Arabic OCR and Document Triage Patterns for Defence
A defence intake desk in Muscat is not a tidy queue of clean PDFs. It is a stream of phone-photographed paper, faxed annexes, scanned situation reports in mixed quality, screenshots from chat apps, and the occasional handwritten field note. Most of it is Arabic. A meaningful slice mixes Arabic body text with English place names, Latin-script callsigns, and Hindi-Arabic numerals. Cloud OCR is off the table on this material. This piece walks the open-source OCR options that survive that reality and the triage layer that turns recognised text into routed, prioritised analyst work.
1. The Arabic OCR challenge for defence
Defence-grade Arabic intake combines four properties that each break a naive OCR pipeline, and they almost always co-occur on the same document:
- Mixed scripts. A single intercept summary can carry Arabic narrative, English unit designations, Latin equipment model numbers, and Hindi-Arabic plus Western digits in the same paragraph. Bidi handling has to be right at the recognition layer, not patched afterwards.
- Handwritten captures.

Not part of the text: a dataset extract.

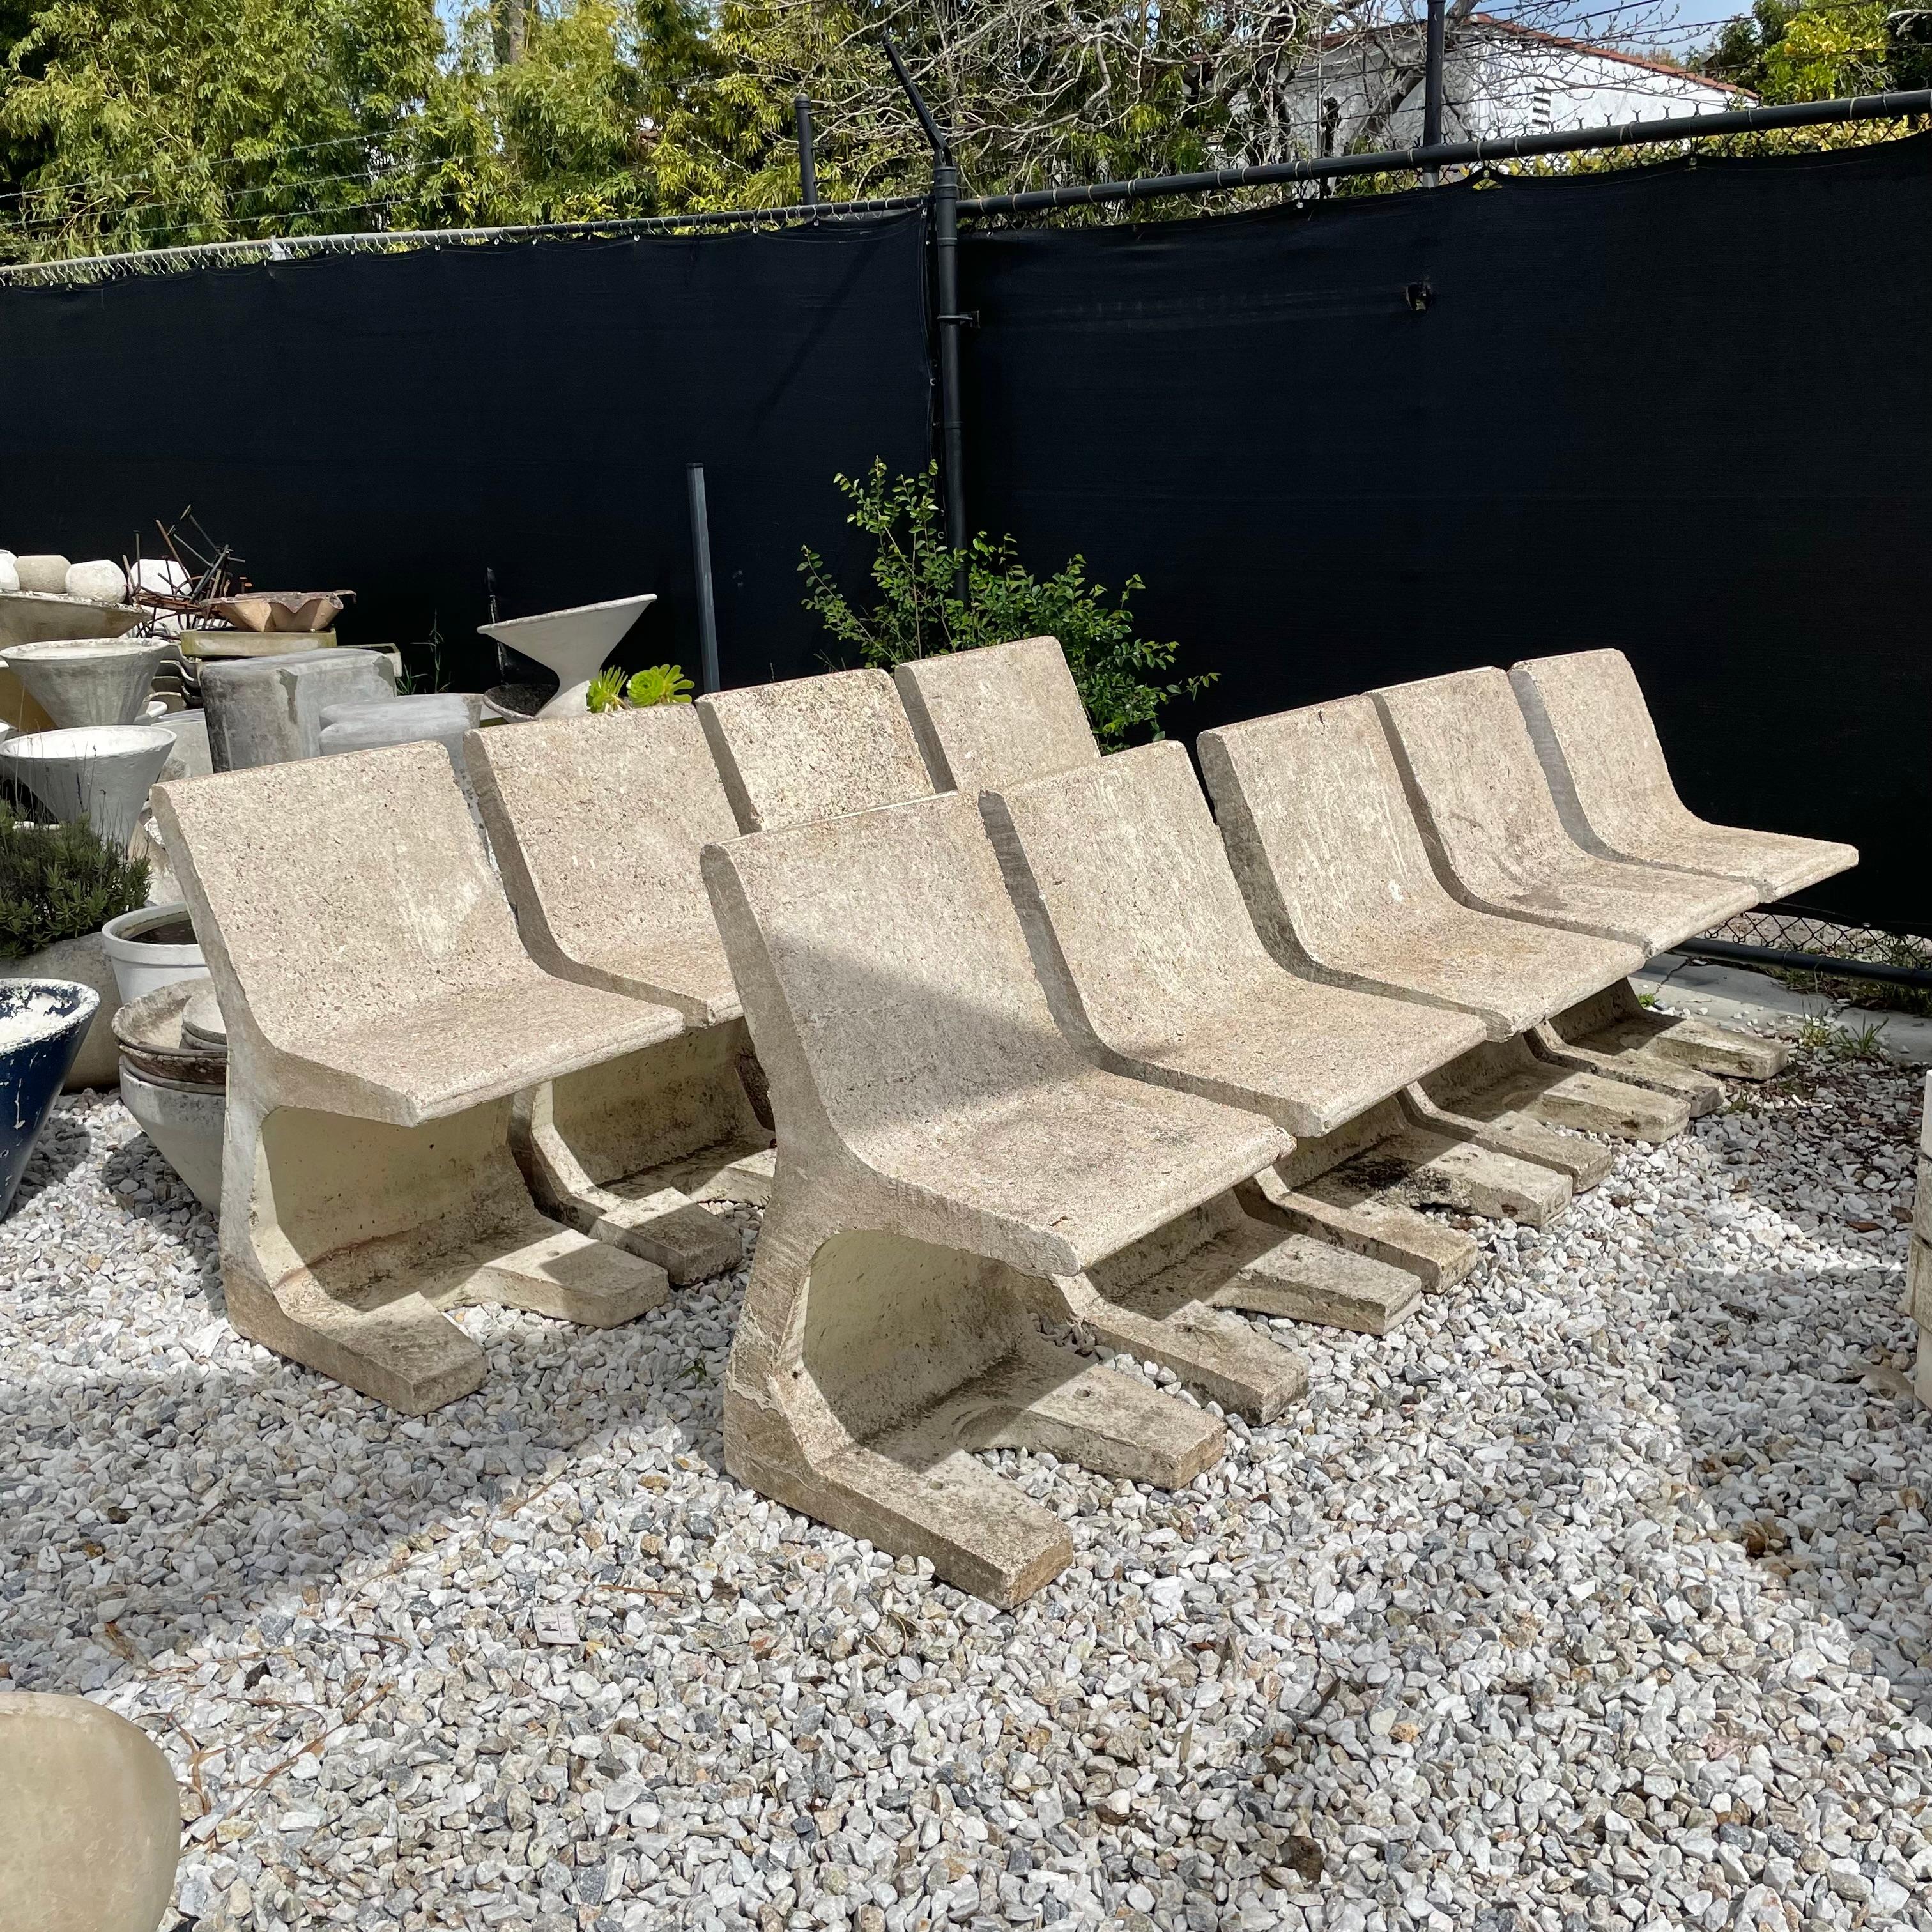 Absolutely stunning concrete chairs with a forked base. Extremely rare and made of a tan aggregate ranging between coarse and fine. The unique sculptural design of these chairs allows them to be introduced into any design story with ease. Prominent

Field notes, source debriefs, and margin annotations on otherwise typed documents are written by hand in cursive Naskh, sometimes with idiosyncratic letter forms that vary across a single page.
- Low-quality scans. Pages arrive as phone photos at oblique angles, fax-derived greyscale, microfilm-sourced TIFFs, and bleed-through carbon copies. Deskew, denoise, and binarisation have to do real work before recognition runs.
- Cursive Naskh fonts. Arabic letters connect by default and change shape by position. Recognition models trained on Latin scripts cut characters mid-ligature; even Arabic-tuned models trained on modern web text underperform on the older Naskh-derived fonts found in legacy ministerial documents.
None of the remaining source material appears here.